> [RECORD SET]
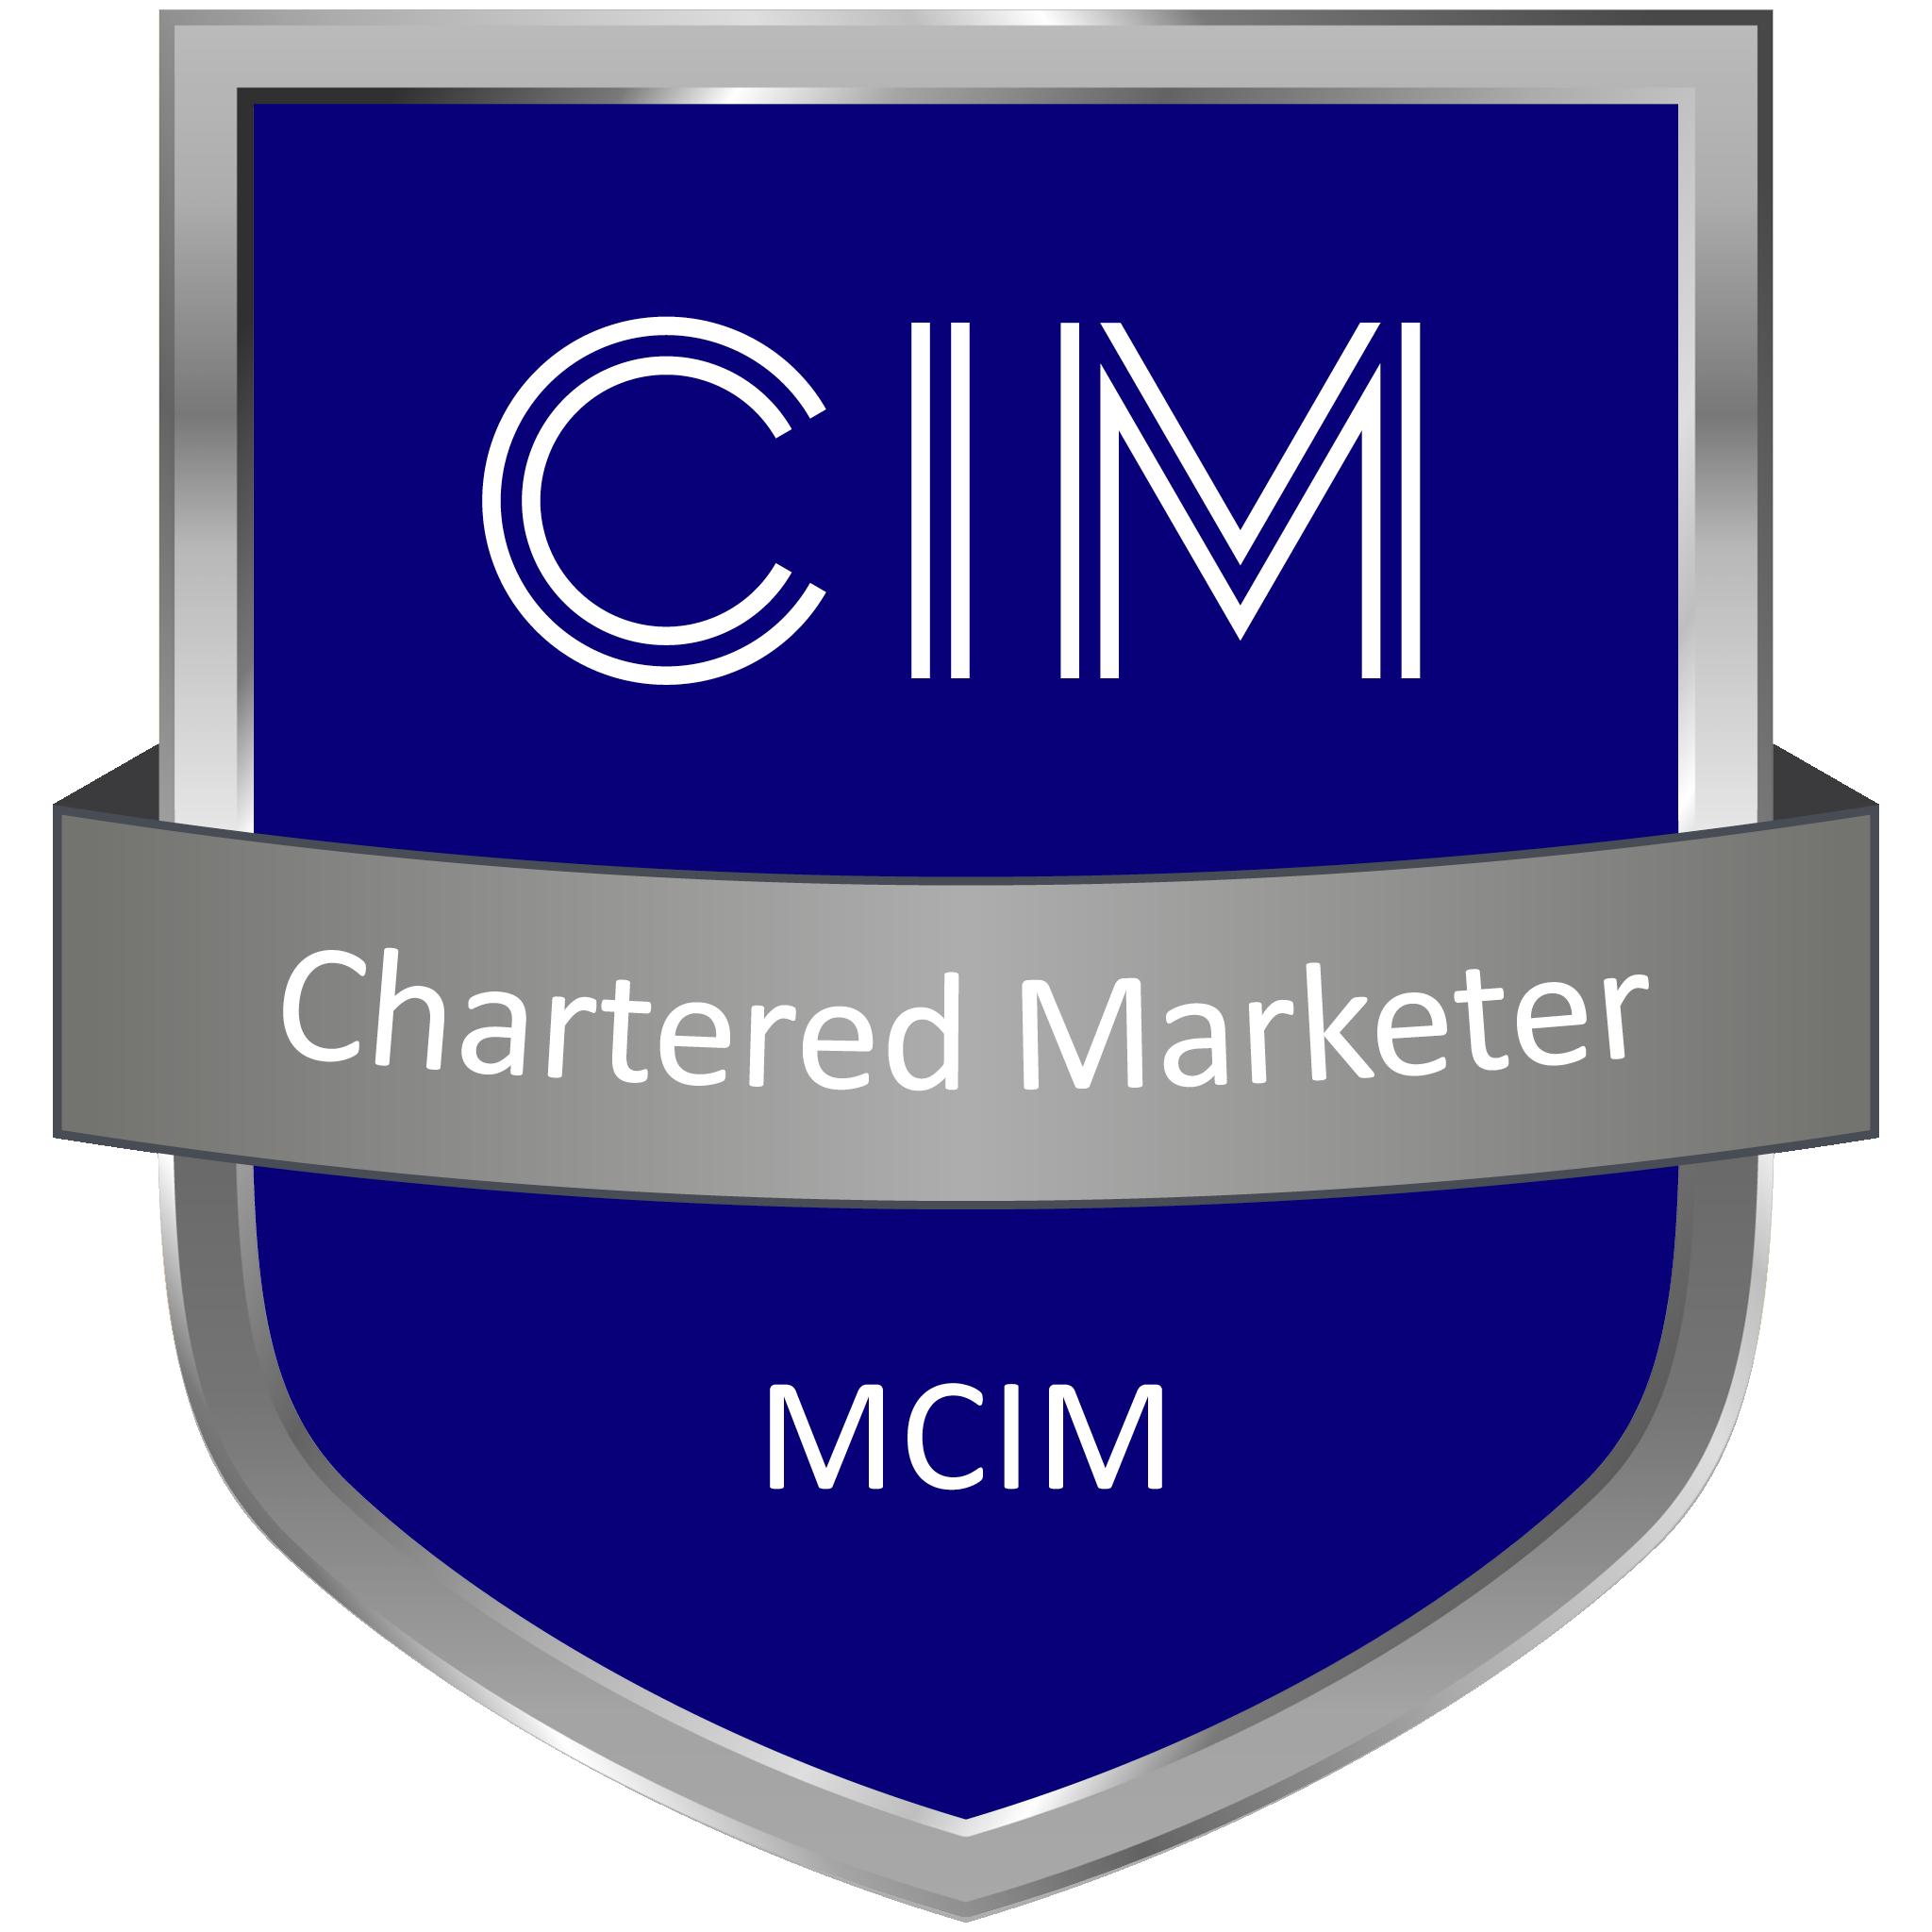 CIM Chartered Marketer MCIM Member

--

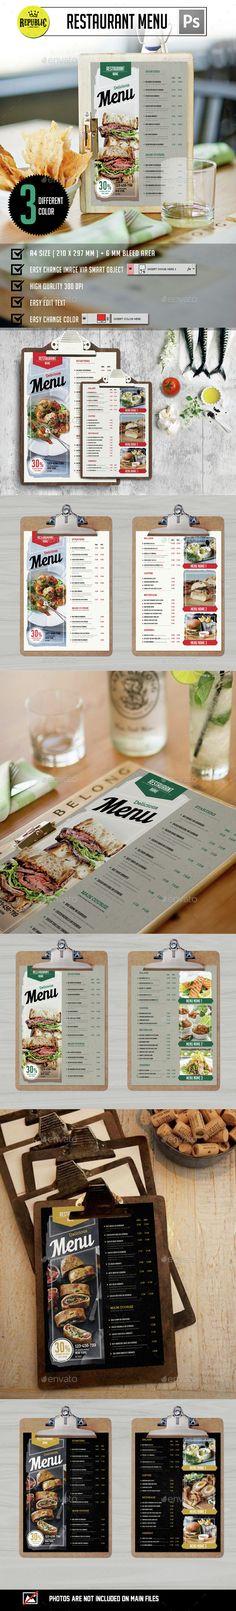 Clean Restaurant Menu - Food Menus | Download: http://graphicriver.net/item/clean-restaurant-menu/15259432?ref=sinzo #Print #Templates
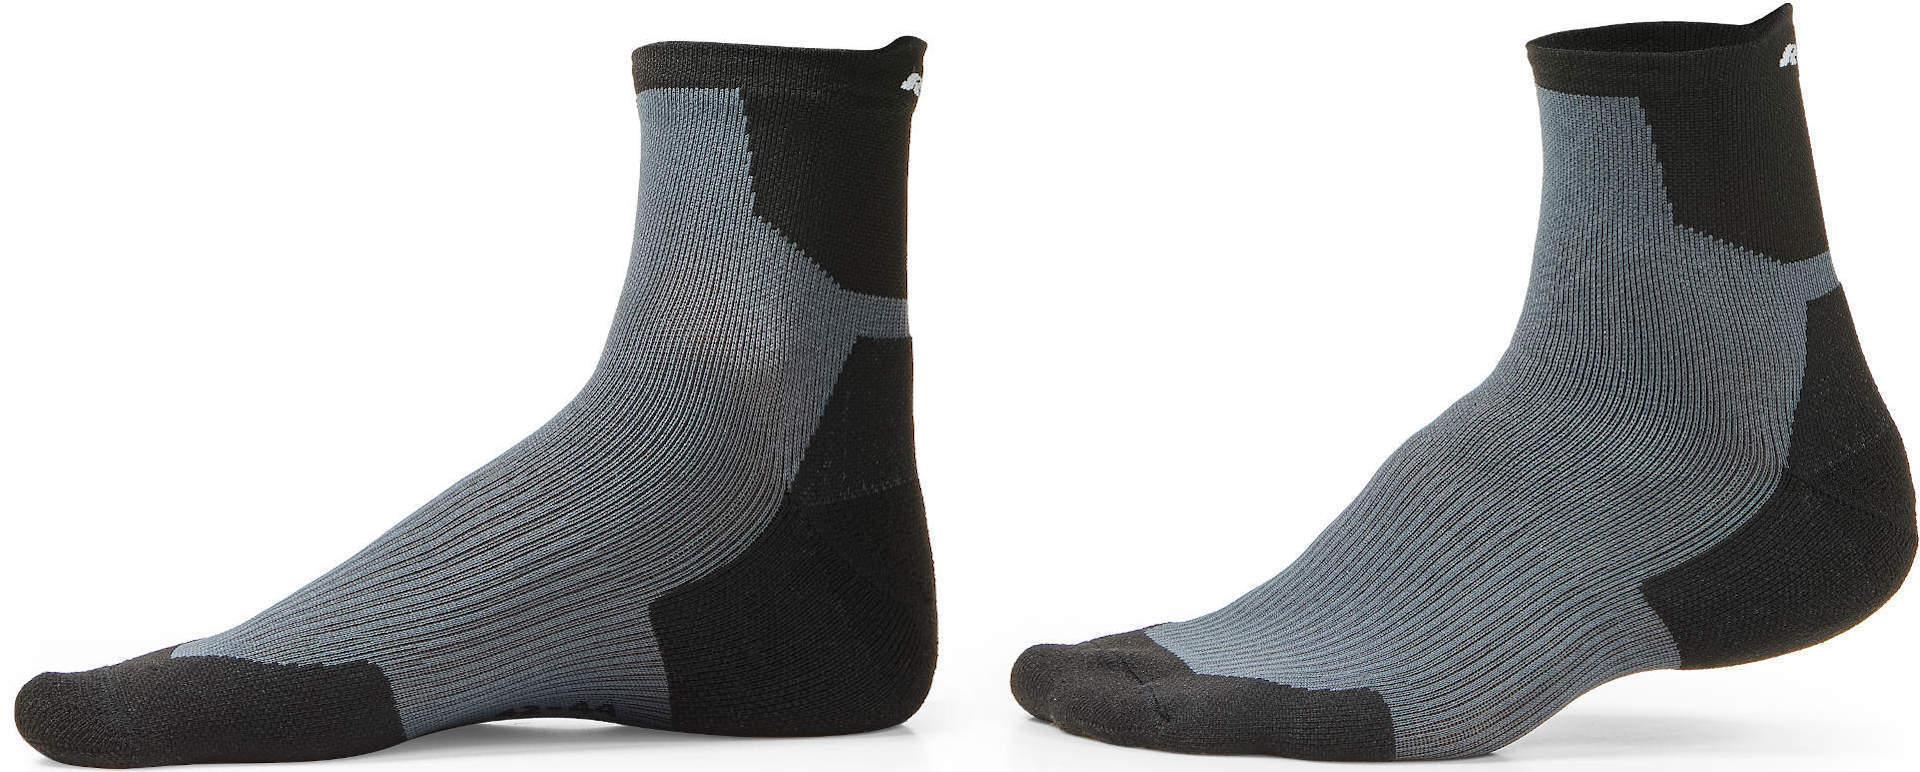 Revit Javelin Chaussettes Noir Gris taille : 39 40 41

> [TASK BRIEF]
Above are entries with pictures among them. Write out exactly the lines from the one containing "Clean Restaurant Menu" through the one containing "Revit Javelin Chaussettes", ends included, and leave those pictures out.

> [YOUR SOLUTION]
 Clean Restaurant Menu - Food Menus | Download: http://graphicriver.net/item/clean-restaurant-menu/15259432?ref=sinzo #Print #Templates
 Revit Javelin Chaussettes Noir Gris taille : 39 40 41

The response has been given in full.